*DATA LISTING:*
BEGIN

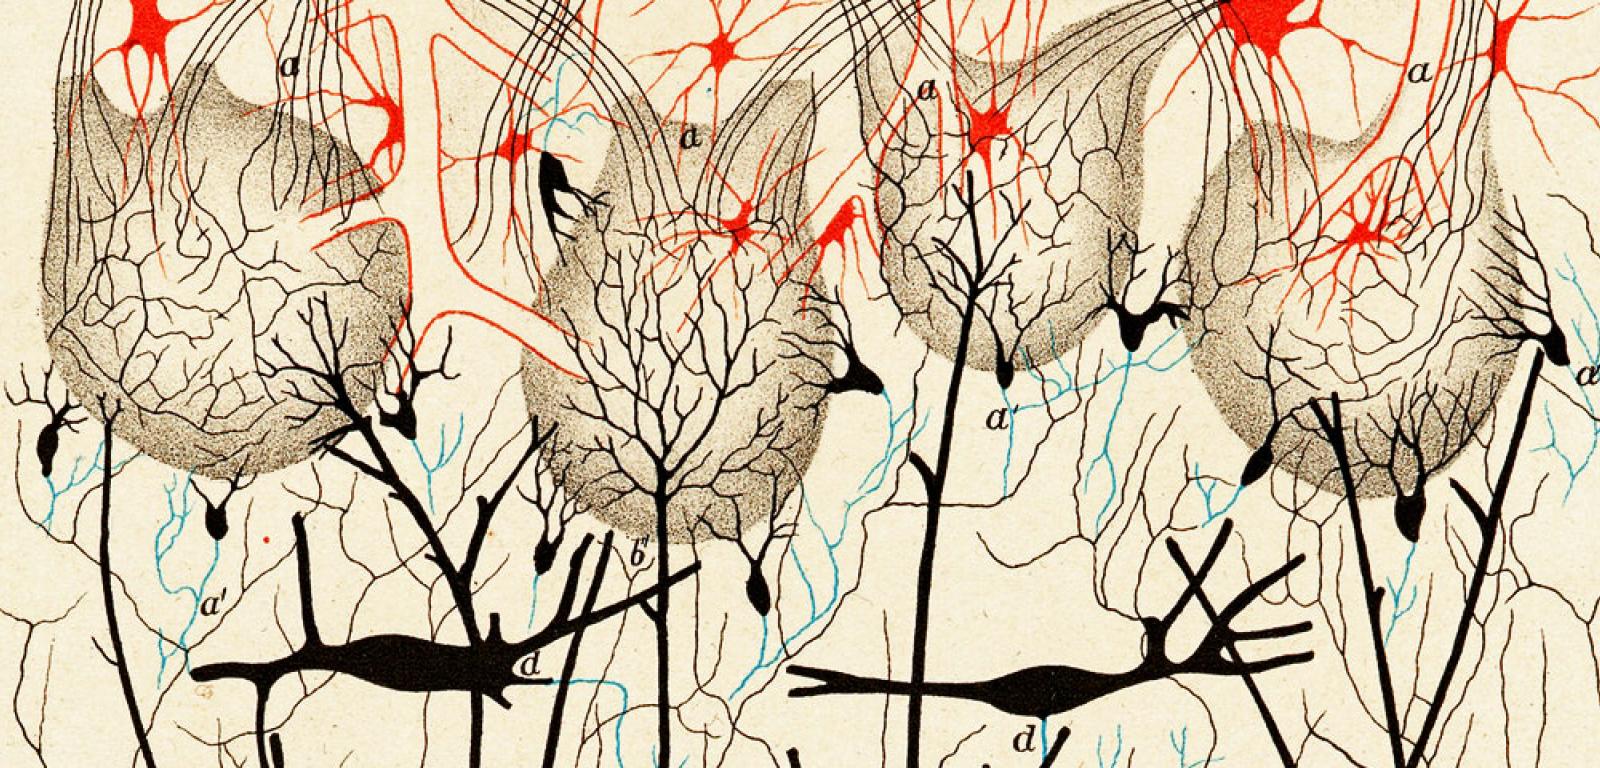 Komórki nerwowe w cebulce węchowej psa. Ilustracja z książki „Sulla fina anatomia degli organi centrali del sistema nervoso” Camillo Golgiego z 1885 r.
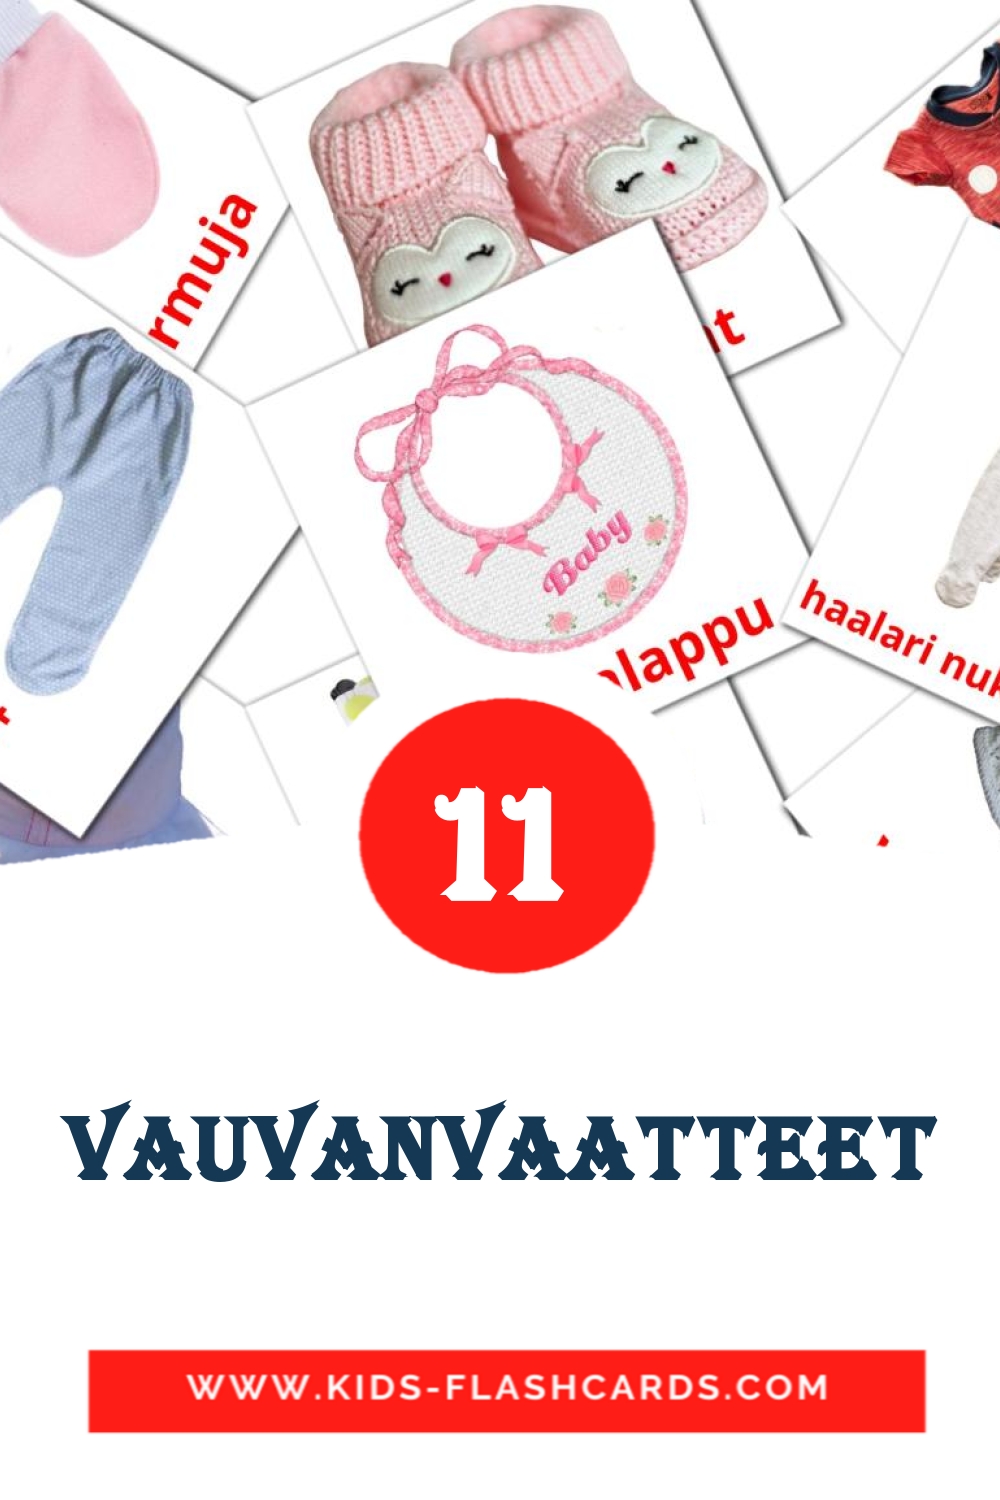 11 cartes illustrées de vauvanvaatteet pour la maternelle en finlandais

END
BEGIN

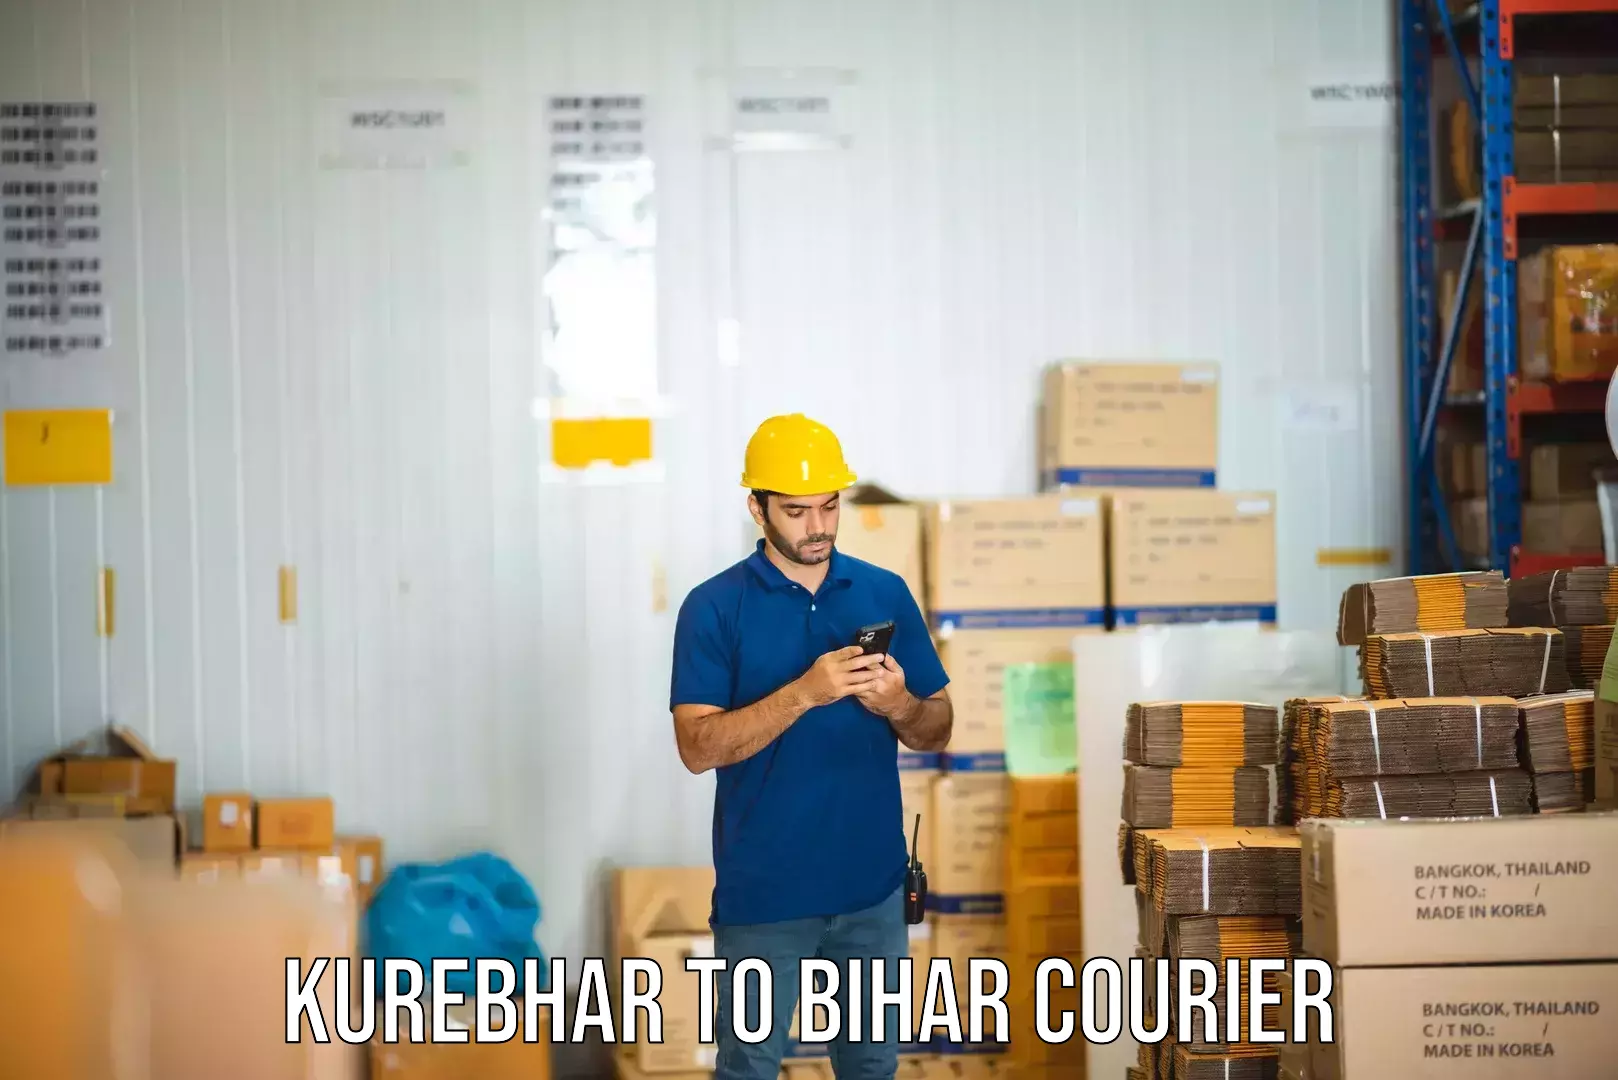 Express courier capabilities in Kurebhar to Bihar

END

*ACTIVITY:*
Would you output only the span of the records above that opens with the line containing "Komórki nerwowe w" and closes with the line containing "11 cartes illustrées", ends included and pictures dropped?

*RESPONSE BELOW:*
 Komórki nerwowe w cebulce węchowej psa. Ilustracja z książki „Sulla fina anatomia degli organi centrali del sistema nervoso” Camillo Golgiego z 1885 r.
 11 cartes illustrées de vauvanvaatteet pour la maternelle en finlandais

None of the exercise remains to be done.